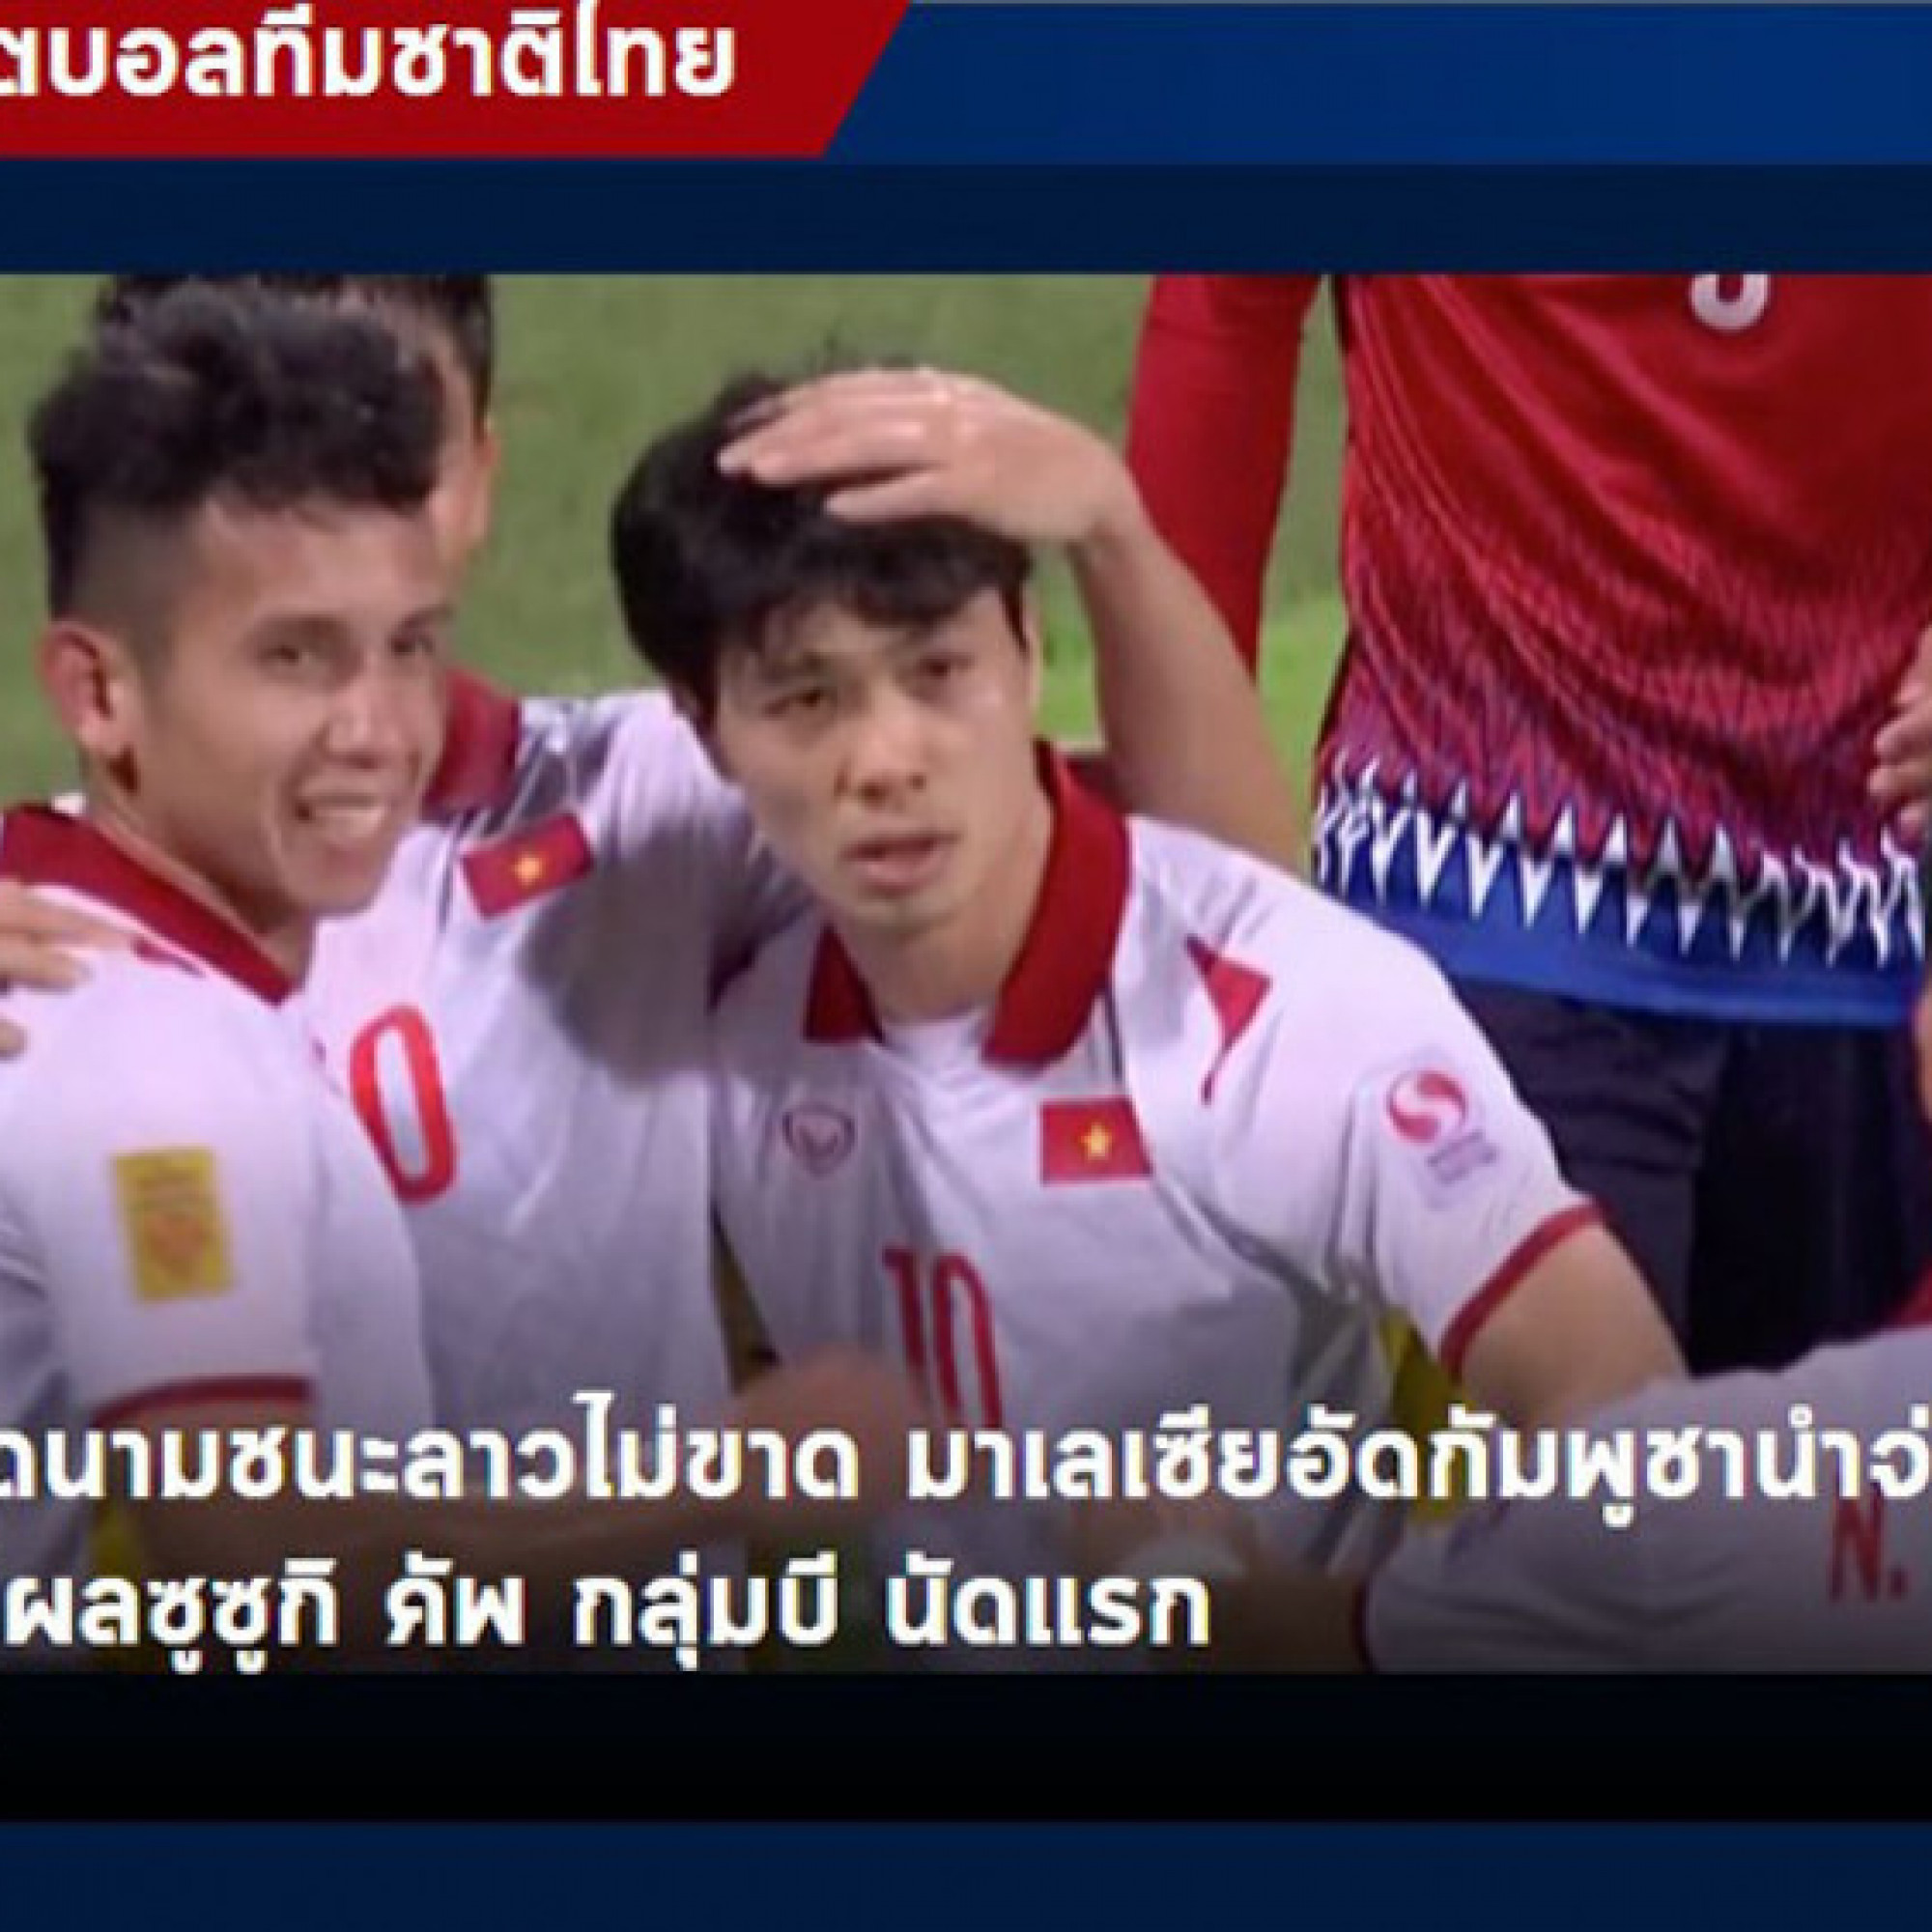 Thể thao - ĐT Việt Nam thắng Lào: Báo Thái khen Văn Đức, báo Indonesia lo lắng
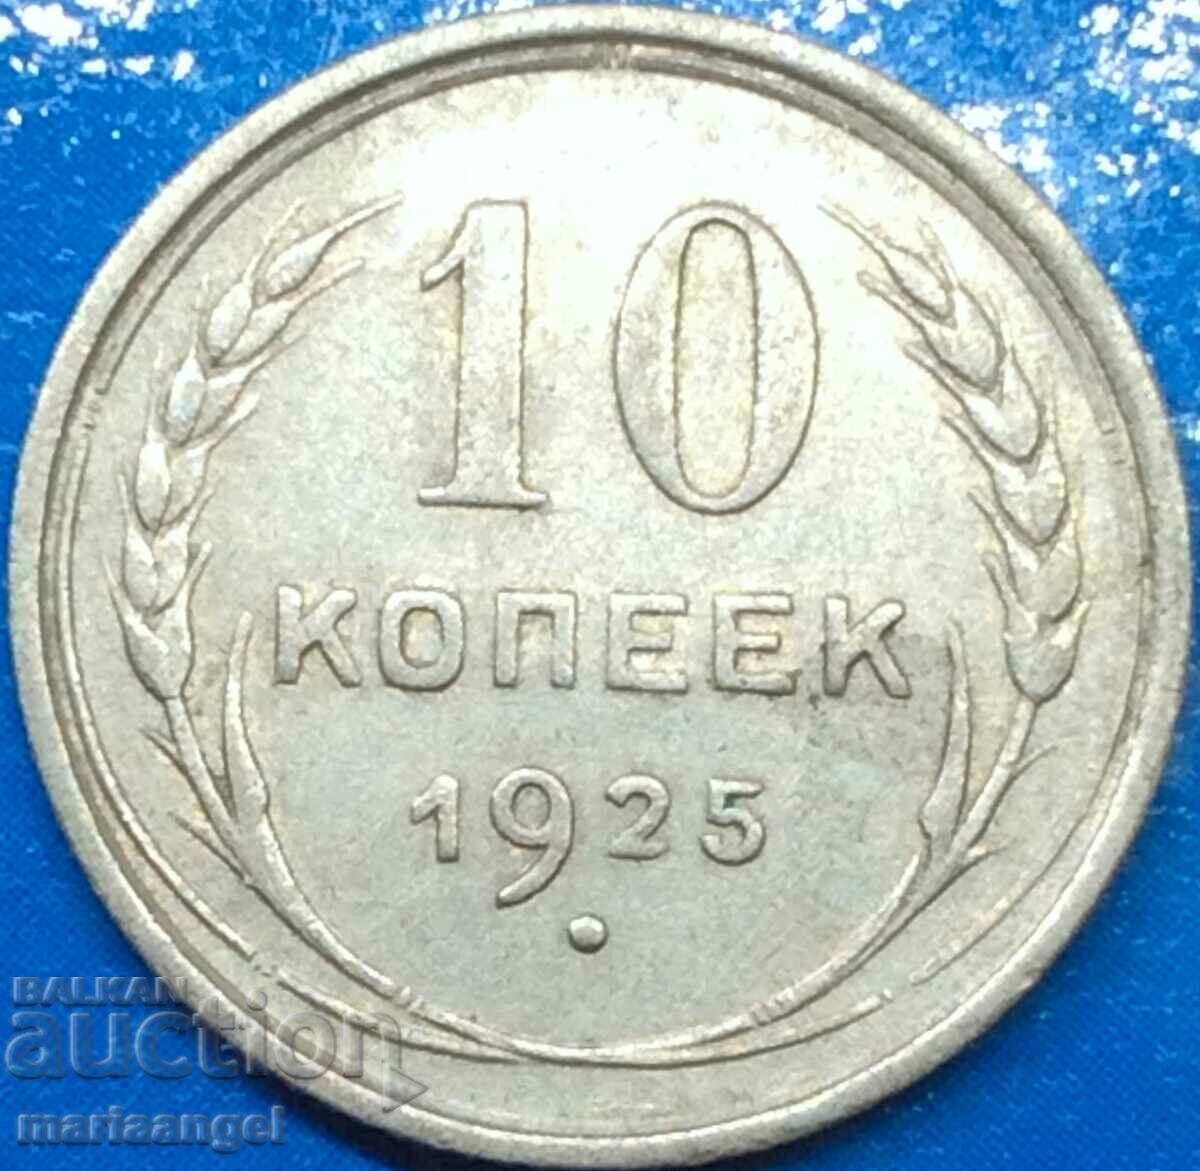 10 kopecks 1925 Russia USSR silver
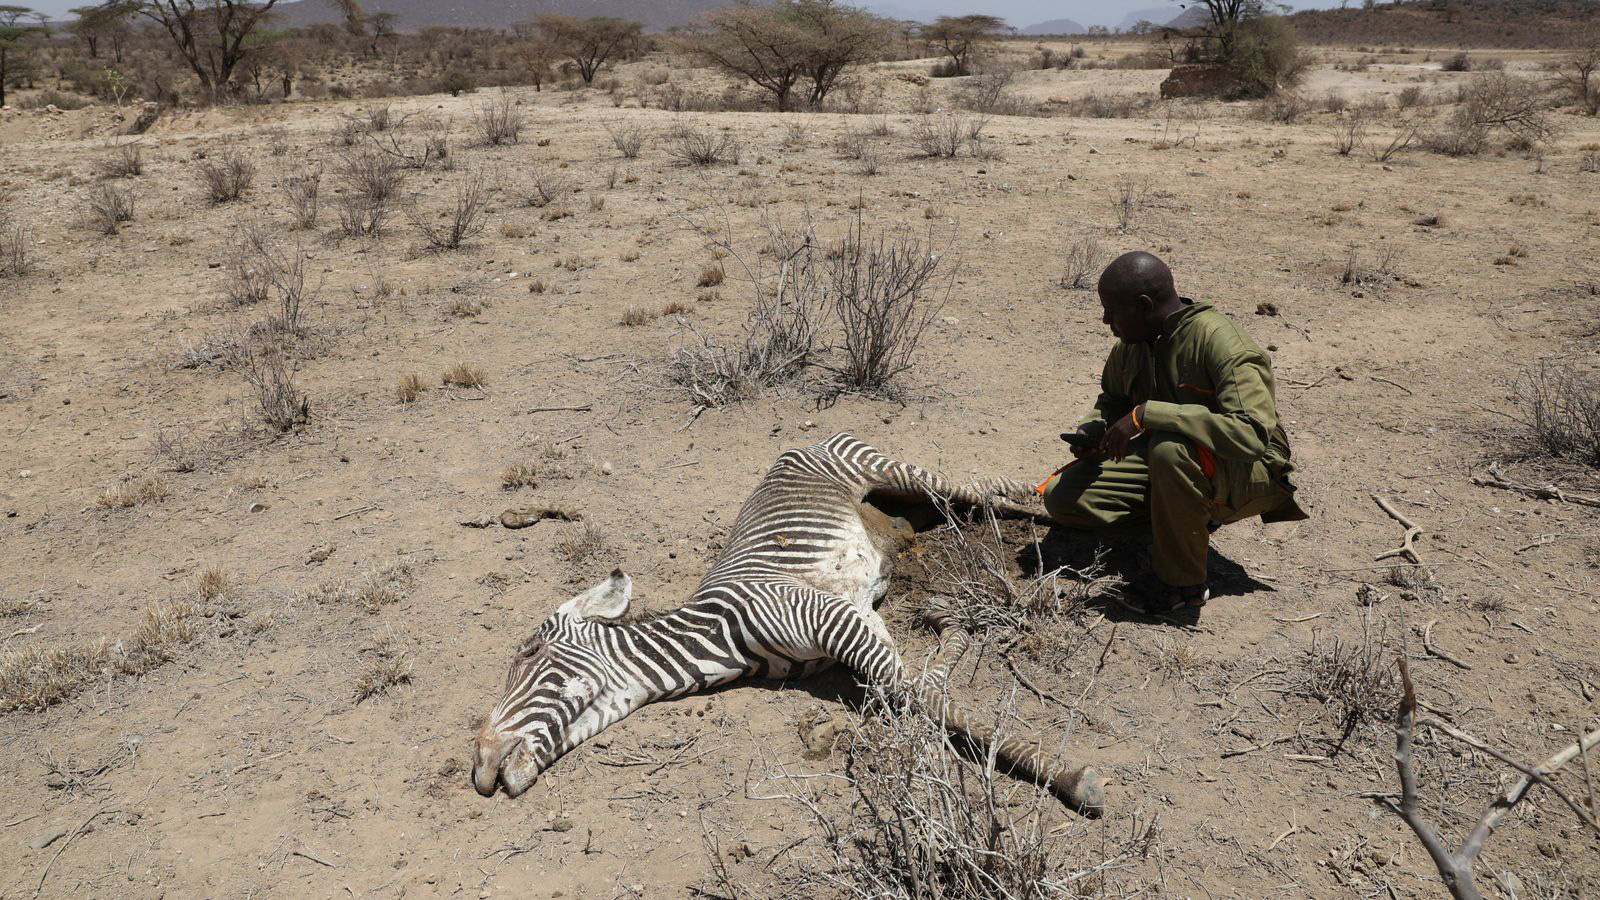 Hạn hán đã giết chết hơn 200 con voi Kenya trong 10 tháng - Ảnh 2.
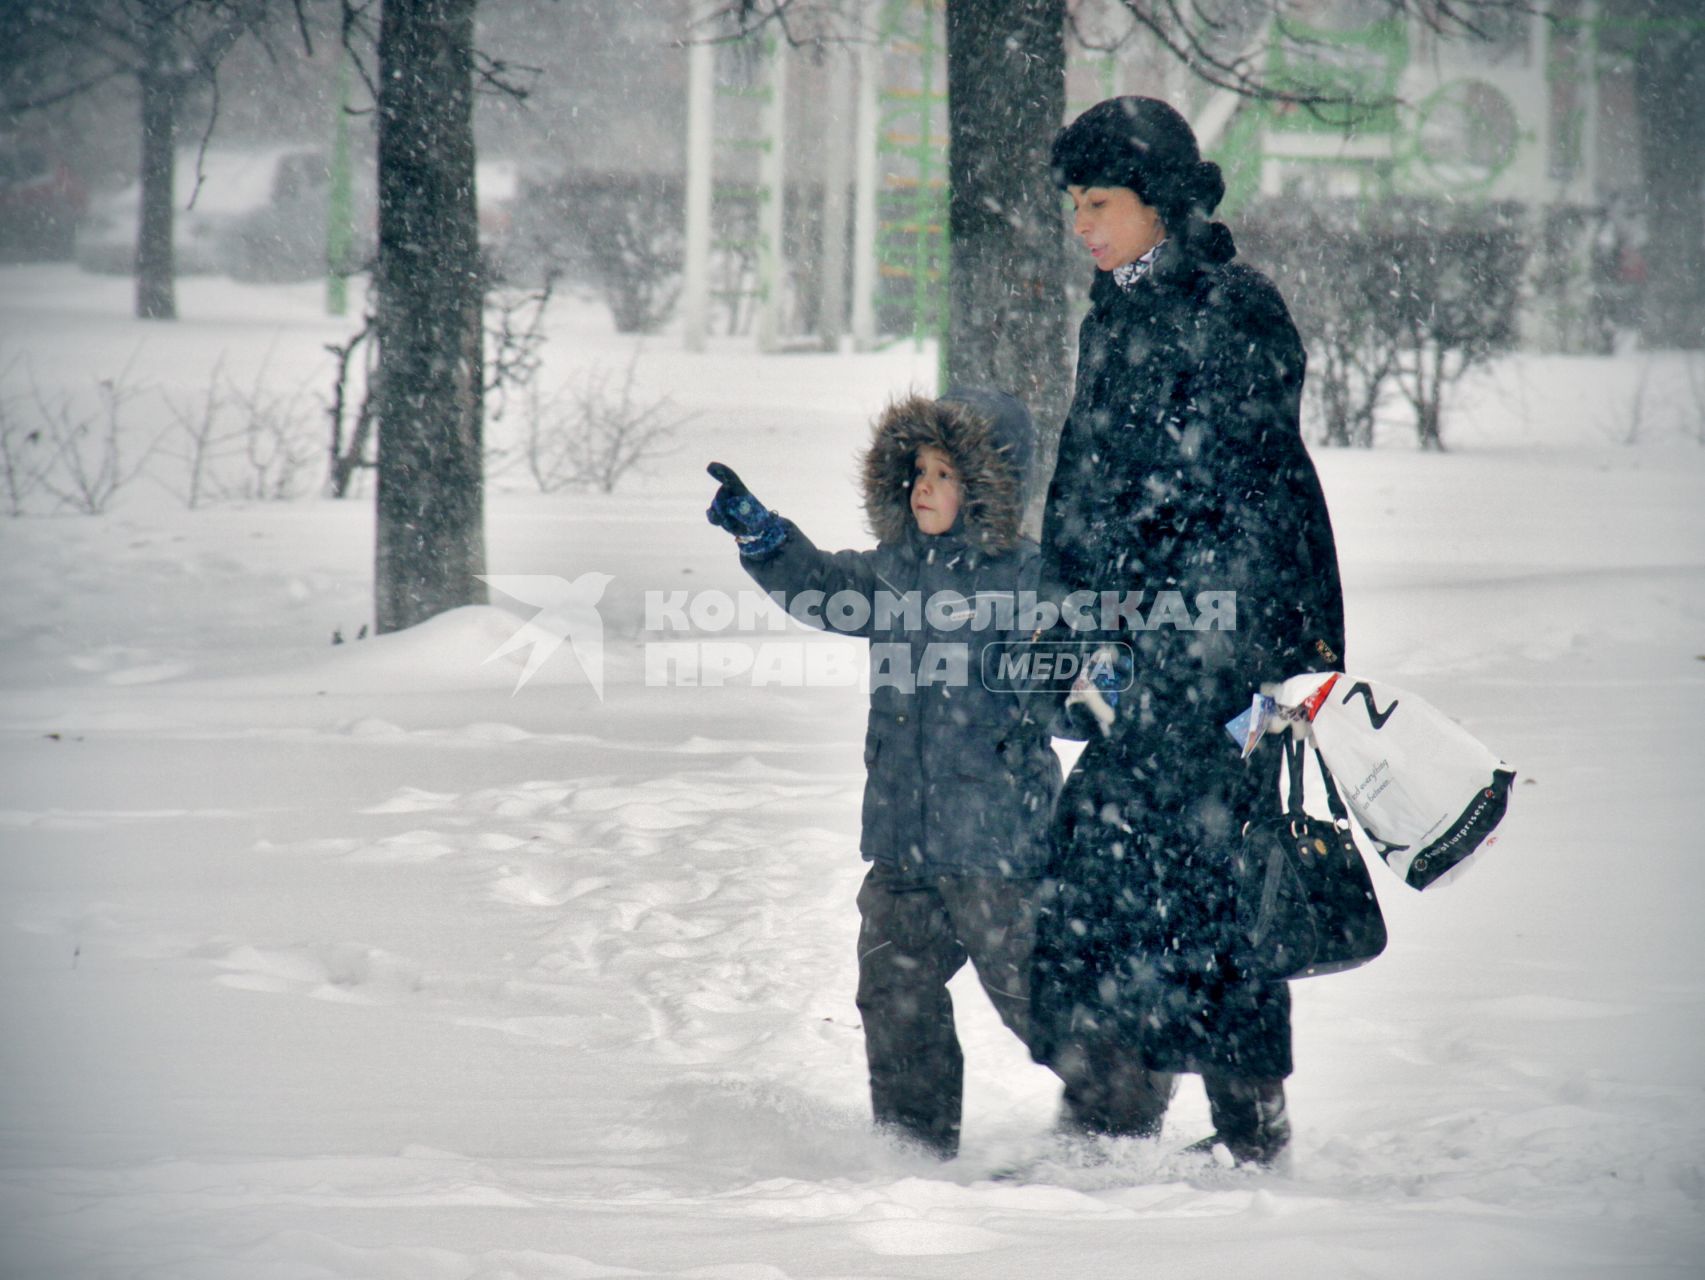 Во время снегопада женщина с ребенком идут по улице.

* * * * *

→ **EXERCISE**:
Transcribe all of the material exactly, leaving out whatever pictures it contains.

→ **EXERCISE SOLUTION**:
 Thể thao - ĐT Việt Nam thắng Lào: Báo Thái khen Văn Đức, báo Indonesia lo lắng
 10 kopecks 1925 Russia USSR silver
 Hạn hán đã giết chết hơn 200 con voi Kenya trong 10 tháng - Ảnh 2.
 Во время снегопада женщина с ребенком идут по улице.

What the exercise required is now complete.